Inquérito deve apurar crime de injúria racial em Araquari

O Ministério Público Federal (MPF) solicitou à Delegacia de Polícia Federal em Joinville a instauração de um inquérito policial para apurar os crimes de injúria racial e de preconceito de raça ou cor durante evento online promovido pelo Núcleo de Estudos Afro-Brasileiros e Indígenas do Instituto Federal Catarinense (IFC) de Araquari, no Norte de Santa Catarina.

O caso ocorreu no dia 10 de novembro, quando professores conduziam uma palestra virtual e foram atacados por participantes não identificados, que invadiram o debate, proferiram ofensas racistas e propagaram mensagens de ódio, inclusive com apologia ao nazismo.

Caso ocorreu durante palestra promovida por servidores do IFC de Araquari – Foto: Reprodução/Google Maps/ND

De acordo com o procurador da República em Joinville Mário Sérgio Ghannagé Barbosa, que encaminhou o pedido de investigação à Polícia Federal, a ocorrência da conduta delituosa é tipificada no artigo 140, parágrafo 3º, do Código Penal (injúria racial), bem como de possíveis crimes tipificados na lei 7.716/89 (preconceito de raça ou de cor).

Na representação, os servidores agredidos relatam que o evento virtual foi atacado em ato planejado e coordenado entre diversos invasores que, aos berros, xingaram e ofenderam os servidores, pais e alunos que participavam do evento.
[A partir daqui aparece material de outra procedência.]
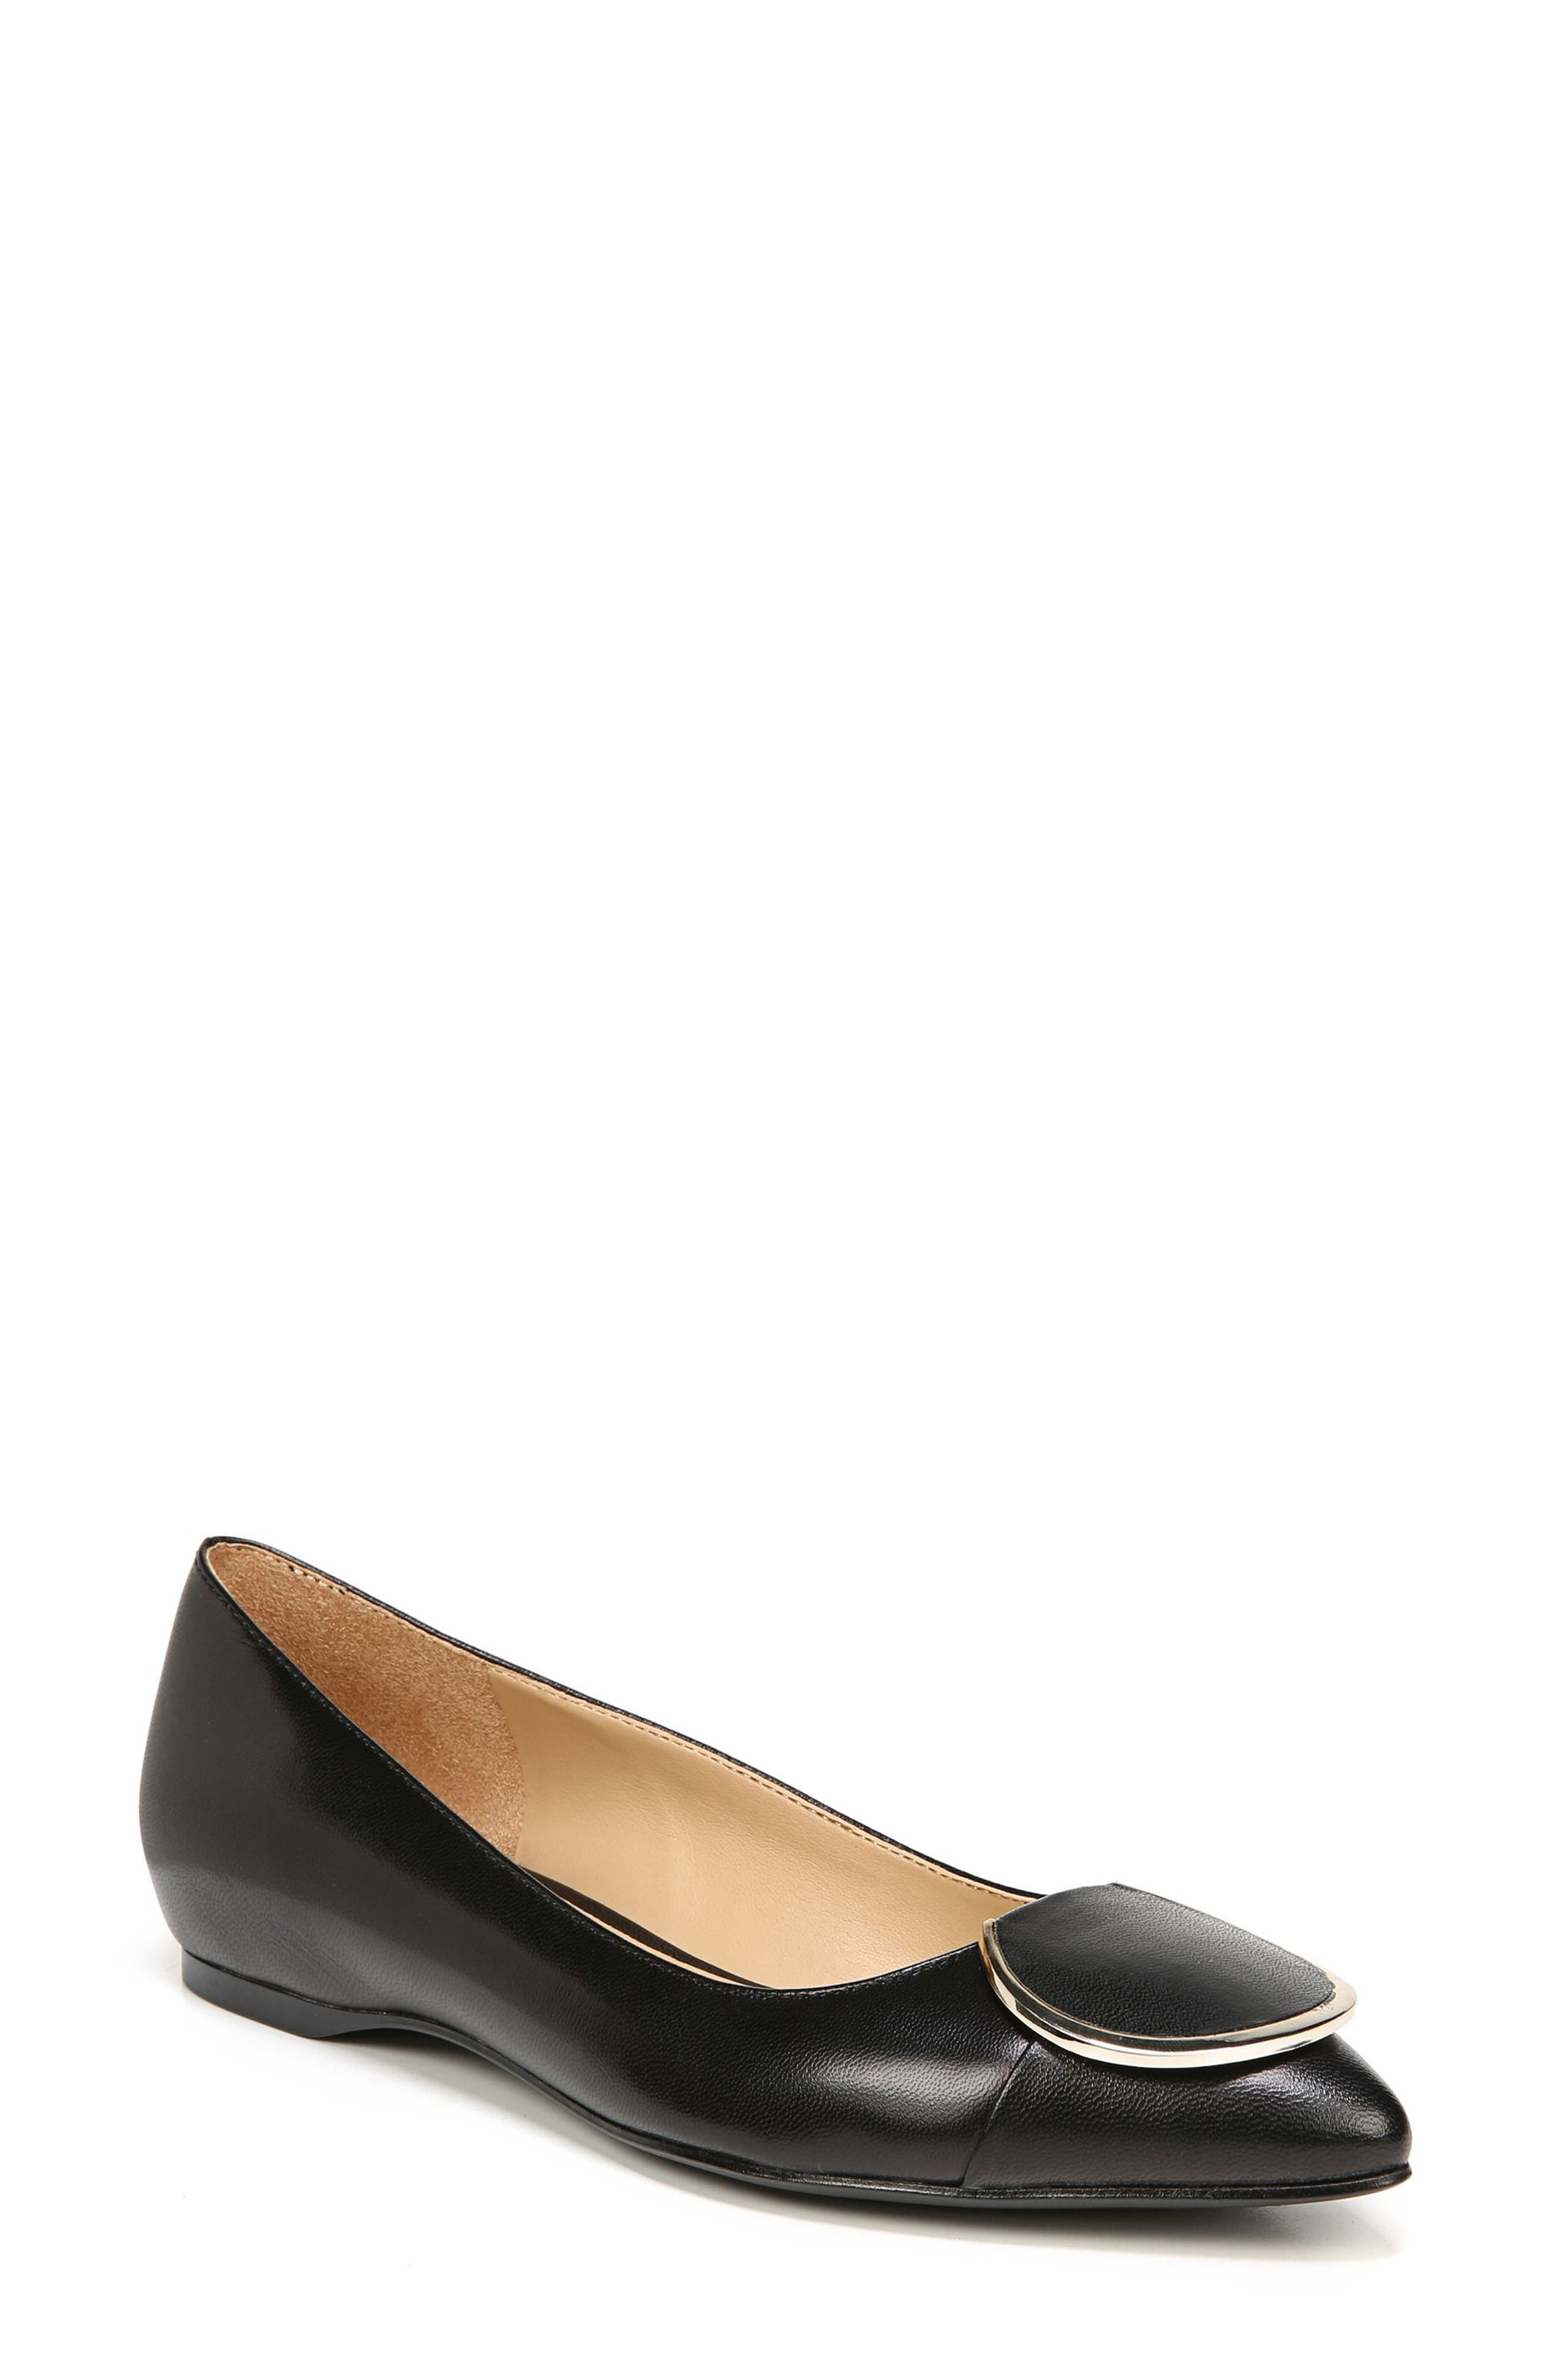 Stella Flat,                             Main thumbnail 1, color,                             Black Leather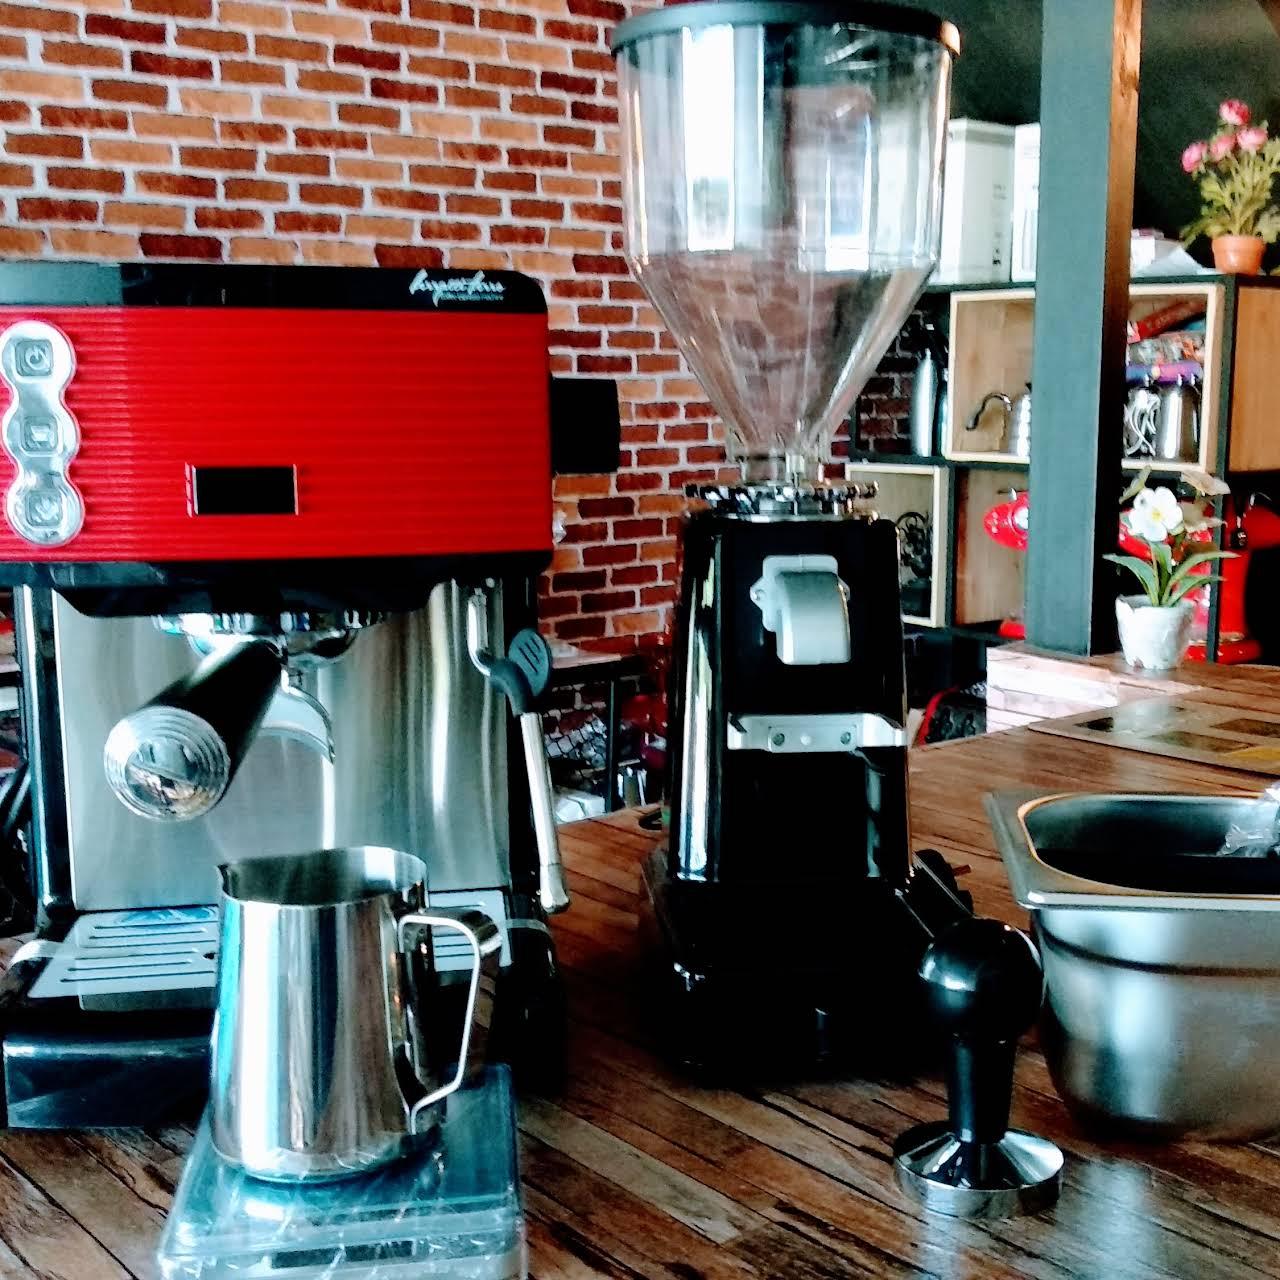 Peralatan Cafe Makassar Tongkonan Coffee Gallery Coffee Store Jual peralatan coffee shop

A série de agressões, conforme o relato, teve a projeção de imagens e músicas de cunho sexual, “um áudio que dizia ‘cala boca macaco’ aos berros, seguido de um vídeo onde Hitler discursava para vários soldados” e, ao mesmo tempo, “no chat do evento, disparavam imagens que, dentre elas continham a foice e o martelo além da suástica (imagens símbolo do nazismo)”.

Ainda conforme a representação dos servidores do IFC de Araquari, vários alunos menores de idade, professores da instituição e convidados estavam presentes no evento online e foram ofendidos moral e racialmente e injuriados pelos agressores.